Why HH nurses quit

Specialties Home Health

Published

I have decided the biggest reason home health nurses quit is no time off. You work non stop all day 8 am to 5 pm then get home and still have 2 to 3 hours of charting. It is nuts.

Blessings

~Golanv

Specializes in Functional Medicine, Holistic Nutrition.
That's a HHABN that the patient signs to acknowledge they will not receive services. Totally not needed for a non-admit, which is why you don't need the consent form singed to do the admission assessment.

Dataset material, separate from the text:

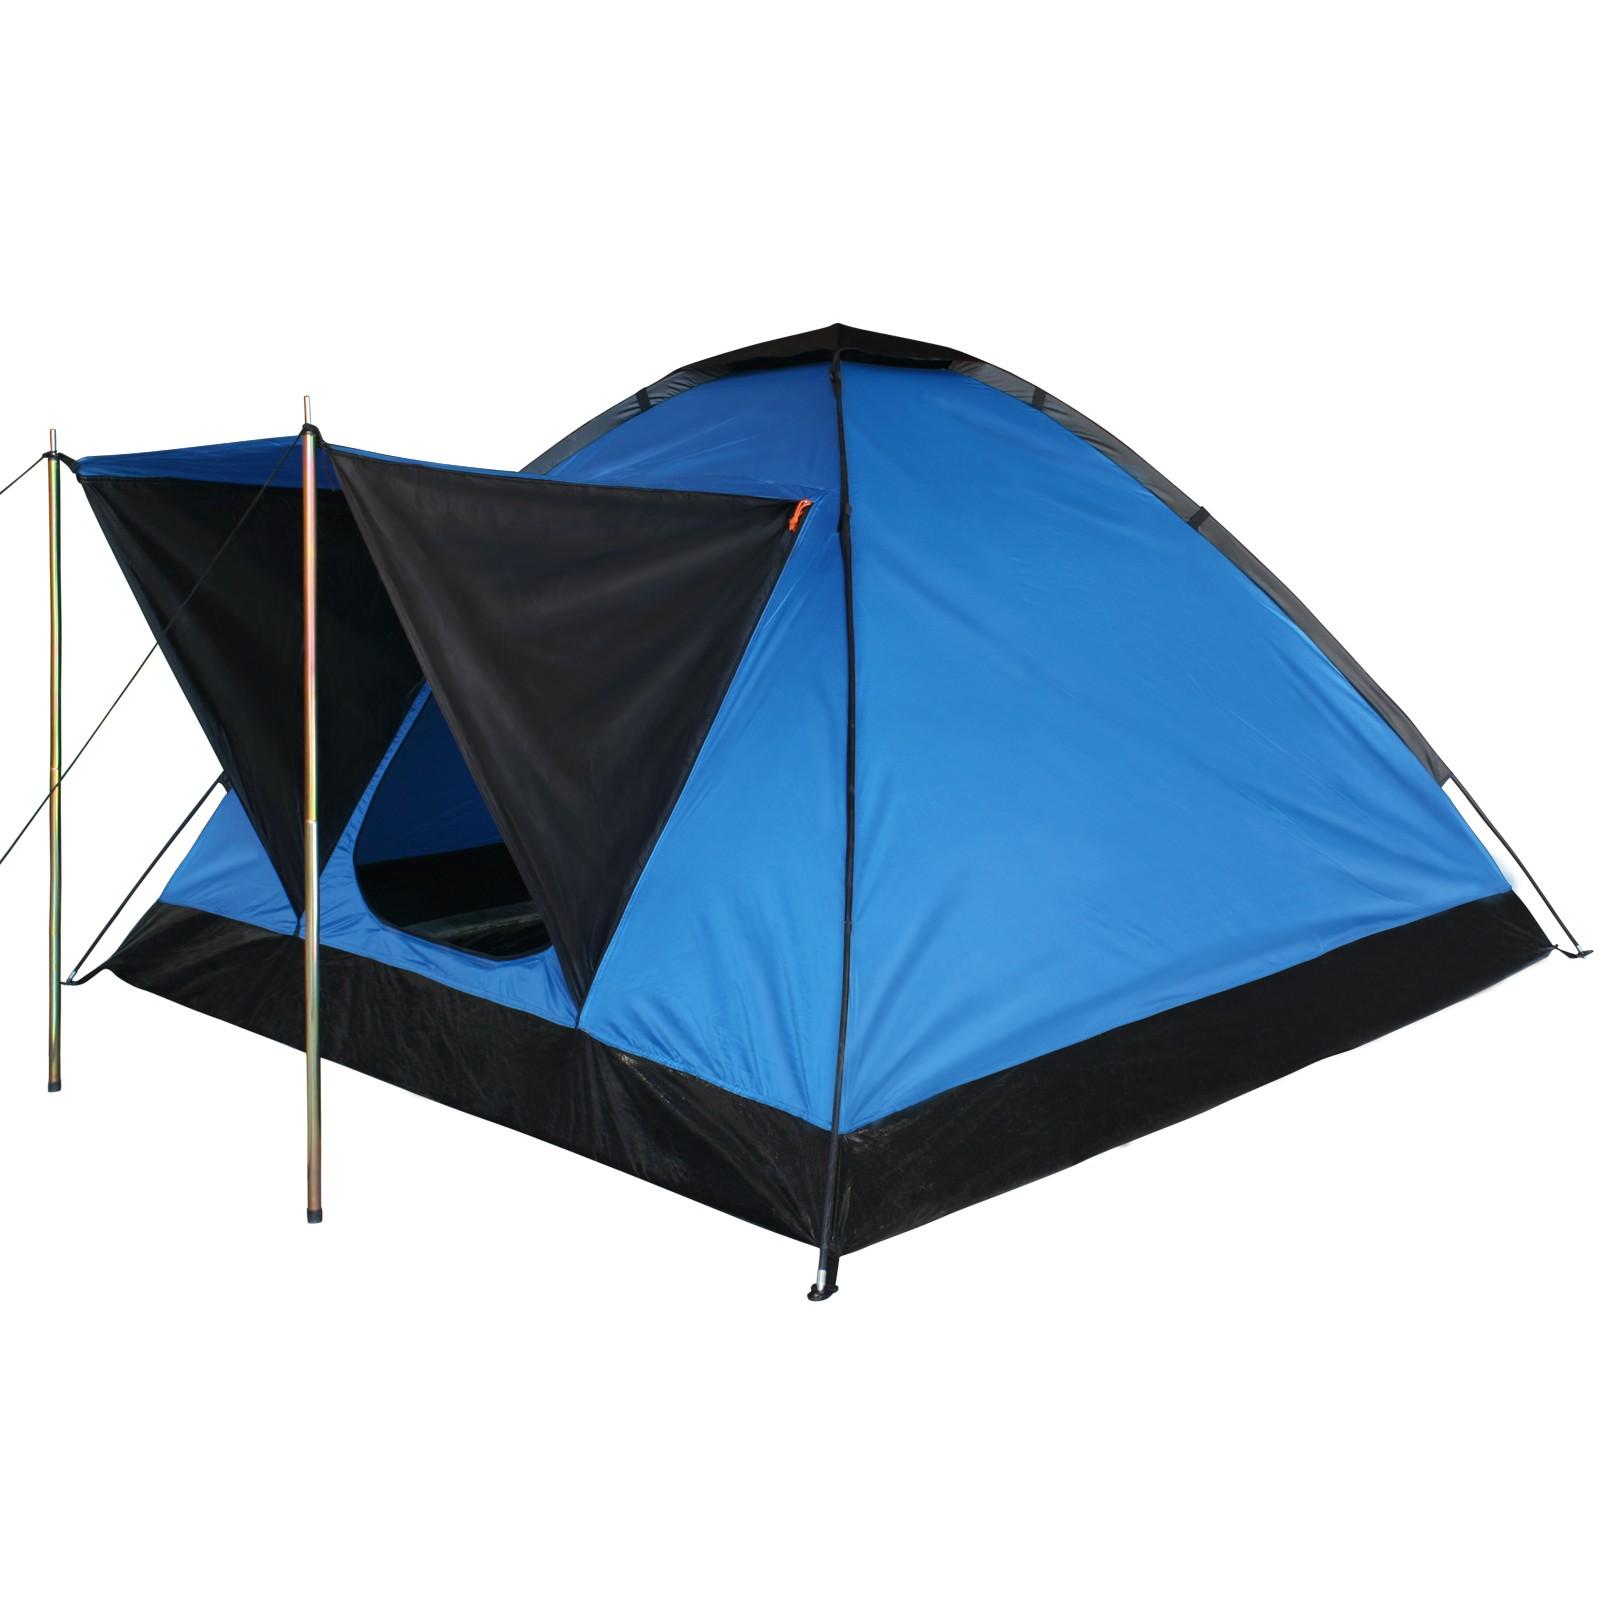 zelt kuppelzelt campingzelt festivalzelt ocean f r 2 3. Black Bedroom Furniture Sets. Home Design Ideas

I don't think I agree about the consent form not being signed prior to the admission assessment. Perhaps it depends on a technicality of how the consent forms are set up and how the nurse is conducting their assessment. However, it does indicate in several places in the COPs that patients must be advised BEFORE care is initiated, orally and in writing, of their right to be informed and to participate in planning care, of patient liability for payment, existence of a home health hotline, etc. These are typically items that are part of the usual consent form. The point to be argued would be if an "assessment" is considered treatment or care. I know that I conduct assessments with time efficiency in mind; in other words, I try to make my assessment flow and combine items if at all possible. So, if my patient is diabetic and I'm assessing diet and appetite, I would assess their knowledge of the prescribed diabetic diet-- which may then lead me to do some diabetic diet education. Perhaps the assessment of diet is not "treatment", but the diabetic diet teaching would be. Also, for the purposes of answering some OASIS items (I'm thinking of M1350 in particular), assessment is considered treatment or intervention. For these reasons, I think it is best to err on the side of caution and obtain consent prior to touching the patient at all. As an educator in home health, I taught my nurses to assess homebound status and ensure that they are eligible for services as one of the first things they should do after introducing themselves and entering the home. And then they should obtain consent before moving forward with the assessment. In my opinion, too many issues can arise while you are assessing the patient that moves it from assessment to treatment. And then, if for some reason the patient refuses to sign the consent or agree to services, you have delivered care without the written consent of the patient.

I don't agree that home health attracts loner type nurses with authority issues. It took a lot of adjustment for me to finally get used to being alone most of the time. Previously, I had worked very busy hospital floors that literally made my head spin with all the activity going on at once. I actually missed the hectic pace, but when I tried to go back to the hospital they wanted me to take a pay cut that I couldn't afford so, I stuck it out in homecare.

Unfortunately, I have seen many very good nurses who were not given the time to fully orient to home health which in the end led to their failure. I've also seen many supervisors on a superiority trip create a very hostile work environment for the nurses they didn't like.

***this is EXACTLY why I'm leaving HH***

The Hospital case managers are not doing a good job with this. They should be the ones that KNOW and can TELL the patients what HH is and what HH is not.

I applied for several hospital jobs after being in HH for 8 years. I thought the same as you. I kept getting responses that I "don't have the qualifications for the position"

I've been in HH for a few months and I'm looking for another job. I started out in SNF and I'd prefer not to go back to it, but I will out of desperation if I can't find something better.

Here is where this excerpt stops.